Петропавловская крепость - Татьяна Жарикова 4 стр.


Когда Достоевский замолчал, члены комиссии переглянулись и закончили допрос, сказав, что в ближайшие дни продолжат разговор. О Федоре Спешневе, о вечерах у Дурова вопросов не было. Не известно, видимо, было о них комиссии. Антонелли не знал. Спешнев тщательно подбирал участников своего тайного общества.

Достоевский поднялся с тяжестью в голове. Такое бывало с ним, когда несколько часов не отрывался от рукописи. Посреди комнаты он вдруг остановился, обернулся к комиссии и быстро проговорил:

- Простите, я хотел узнать... Я видел брата, Андрея... там... Он арестован, но он ни разу не бывал у Петрашевского...
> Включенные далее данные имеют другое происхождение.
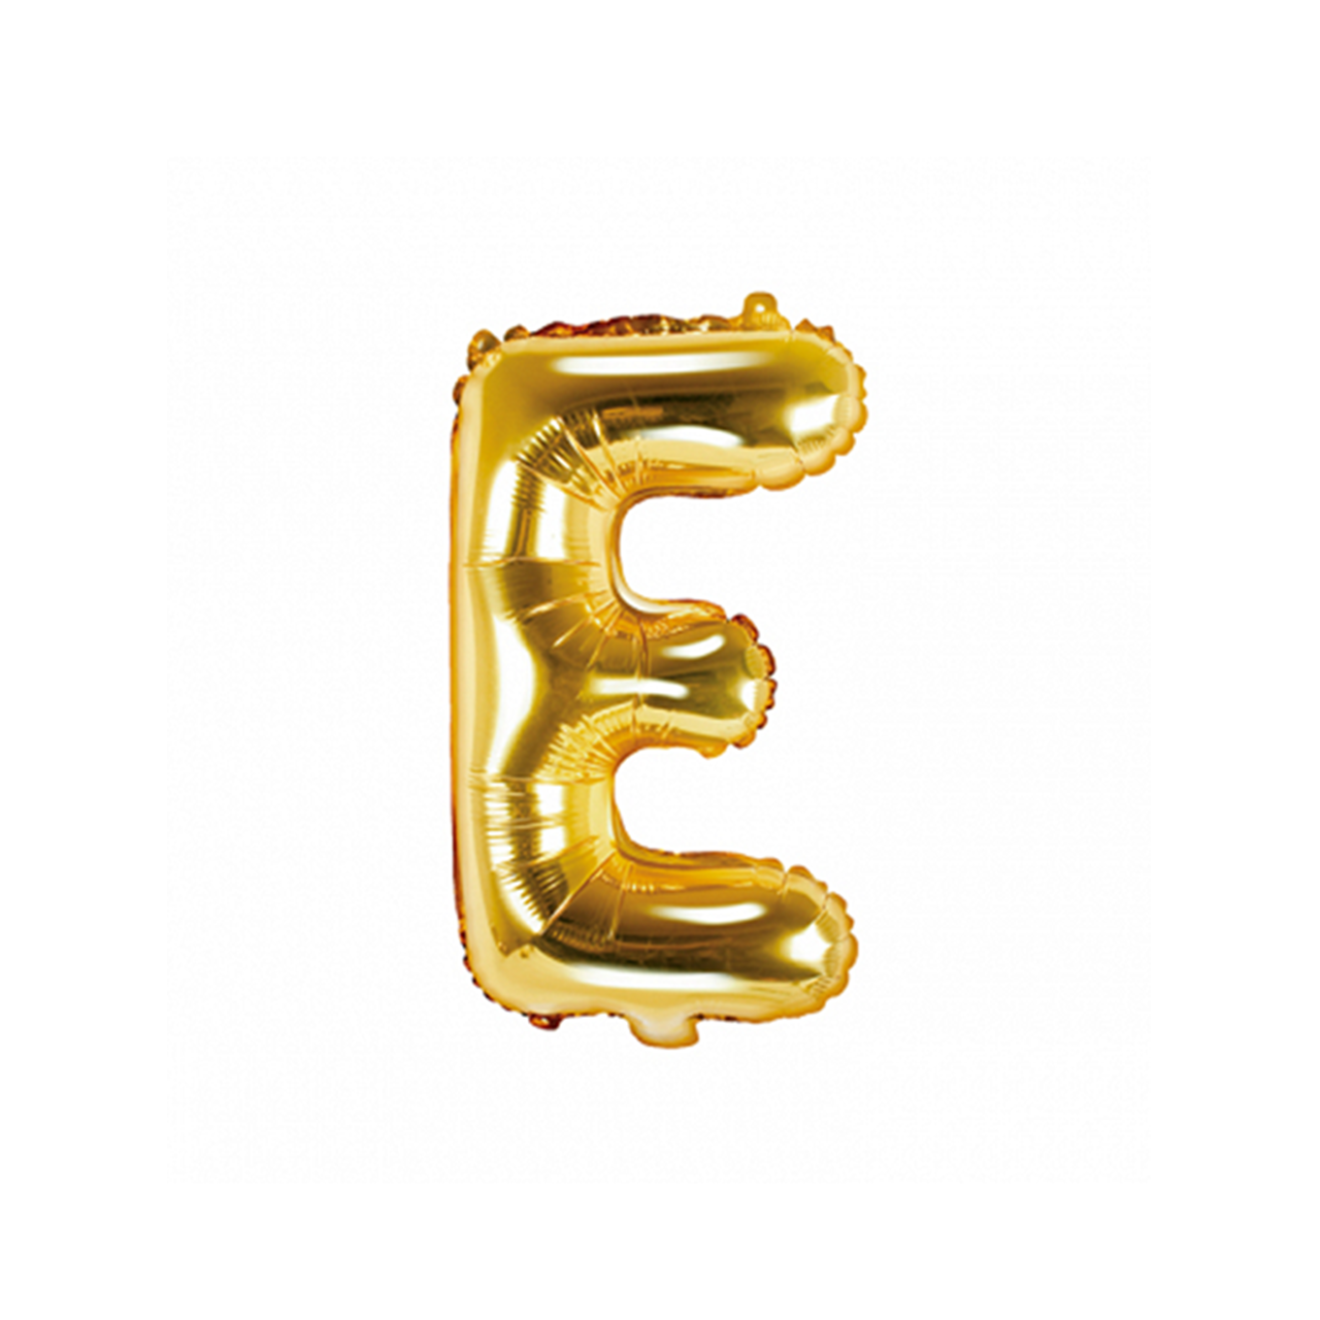 1 Ballon XS - Buchstabe E - Gold
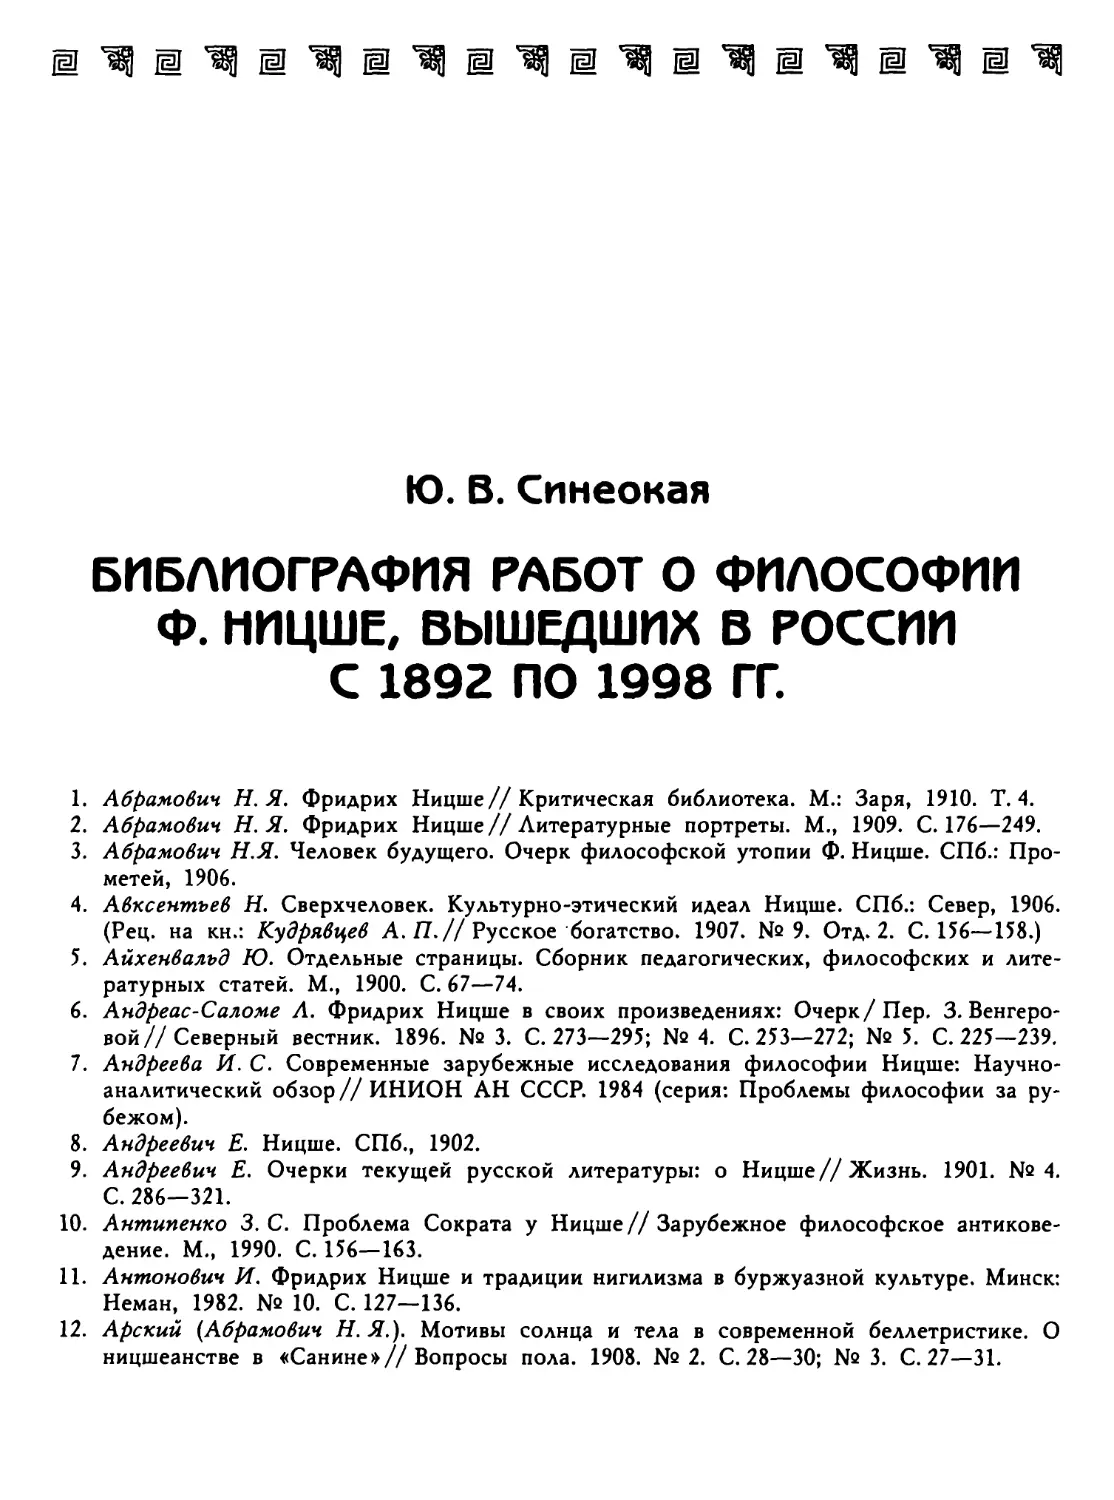 Синеокая Ю. В. Библиография работ о философии Ф. Ницше, вышедших в России с 1892 по 1998 гг.

- Знаем, - ответил генерал Дубельт. Он стоял за столом, собирался выйти. - Андрей Михайлович арестован был по ошибке, вместо старшего брата... Он уже на свободе.

- А Михаил?

- В крепости.

- Но он всего дважды бывал...

- Разберемся, - перебил Дубельт.

- У него семья, дети... Они погибнут без средств...

- Об этом ему надо было думать перед дверью в квартиру Петрашевского, - снова сердито перебил генерал Дубельт, отвернулся, показывая, что разговор окончен, отодвинул стул с высокой спинкой и вышел из-за стола.

6

В камере Достоевский медленно бродил из угла в угол, сжимал, тер зябнувшие руки, хрустел пальцами. Половицы поскрипывали, вздыхали под его ногами. Федор Михайлович заново перебирал в голове вопросы следственной комиссии, старался понять - не сказал ли он что лишнего, не подвел ли этим кого из арестованных. Вспомнил вопрос о Белинском, ответ свой уклончивый. Да, сложнейшие были у них отношения! Вспомнилось, как Григорович, давний приятель Федора Михайловича, они вместе учились в инженерном училище, а теперь жили вместе, снимали одну квартиру, узнав, что он закончил писать роман "Бедные люди", сказал: "Давай мне рукопись. Некрасов хочет к будущему году сборник издать, я ему покажу". Помнится, боялся он тогда партии "Отечественных записок". Белинский казался особенно грозным. И страшным. "Осмеет он моих "Бедных людей!" - подумалось тогда, после слов Григоровича. Но писался роман со страстью, почти со слезами. "Неужто все это, все эти минуты, которые я пережил с пером в руке над этой повестью, - все это ложь, мираж, неверное чувство?" - мелькнуло в голове, и Достоевский сам отнес рукопись Некрасову. Сконфуженно сунул ему в руки роман. Некрасов показался тогда Федору Михайловичу несколько надменным и высокомерным. Отдал роман и пошел гулять.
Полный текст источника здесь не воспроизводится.